Enzymatic synthesis is becoming more popular as a greener and more efficient alternative to traditional chemical synthesis. With high selectivity and catalytic activity, enzymes can help achieve complex reactions under mild conditions, reducing the need for harsh solvents and reagents. This approach reduces environmental impact and makes purification processes simpler, leading to cost savings and improved product quality.
The increasing use of computational chemistry and artificial intelligence (AI) is also revolutionizing payload design and synthesis. AI-driven algorithms can predict reaction pathways, optimize process parameters, and identify potential impurities, accelerating development timelines and improving process robustness. Using these powerful tools, researchers can streamline payload manufacturing, reduce development costs, and ensure the consistent production of high-quality ADC components. These innovative strategies, combined with advancements in linker technology and conjugation chemistries, help to make the future of ADC therapies more efficient and sustainable.
The future promise of ADCs
The next wave of ADC innovation is likely to be driven by formats and payload strategies already in clinical development. Current research and early clinical trials are exploring:
- Next-generation bioconjugation methods, including advanced enzyme-mediated and photochemical methods, enable more precise, site-specific conjugation.
- Bispecific ADCs, designed to engage two distinct antigens for improved
- Dual-payload ADCs, carrying two different cytotoxic agents to overcome resistance or target multiple mechanisms.
- Oligonucleotide or peptide conjugates, broadening therapeutic applications beyond traditional small-molecule payloads.
These approaches represent the most immediate trends expected to reach the market in the near to mid-term. Other novel conjugates, such as steroid-linked ADCs, are also under investigation.
Innovative linker technologies (such as stimuli-responsive and biodegradable linkers), novel payload classes, and AI-assisted design will continue to expand the therapeutic potential of ADCs [3].

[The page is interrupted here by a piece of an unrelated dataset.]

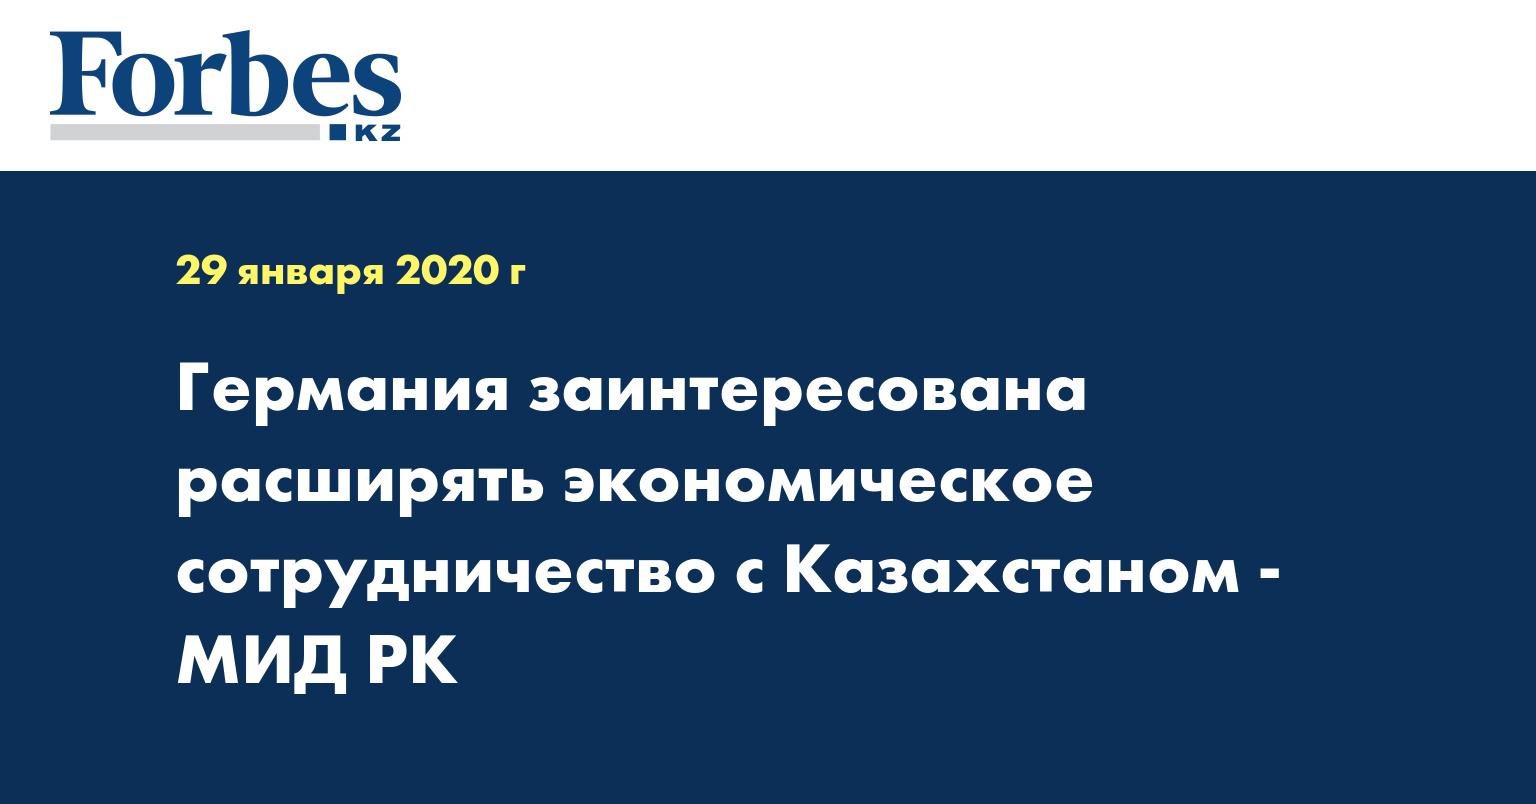 Германия заинтересована расширять экономическое сотрудничество с Казахстаном - МИД РК

Expert contract development and manufacturing organizations (CDMOs) with bioconjugation and payload manufacturing expertise will remain critical partners in translating these innovations into commercial products, with a focus on patient safety alongside robust process development, scale-up, and quality control. In essence, CDMOs act as crucial enablers, empowering researchers and pharmaceutical companies to overcome the challenges of ADC development and deliver transformative therapies to patients.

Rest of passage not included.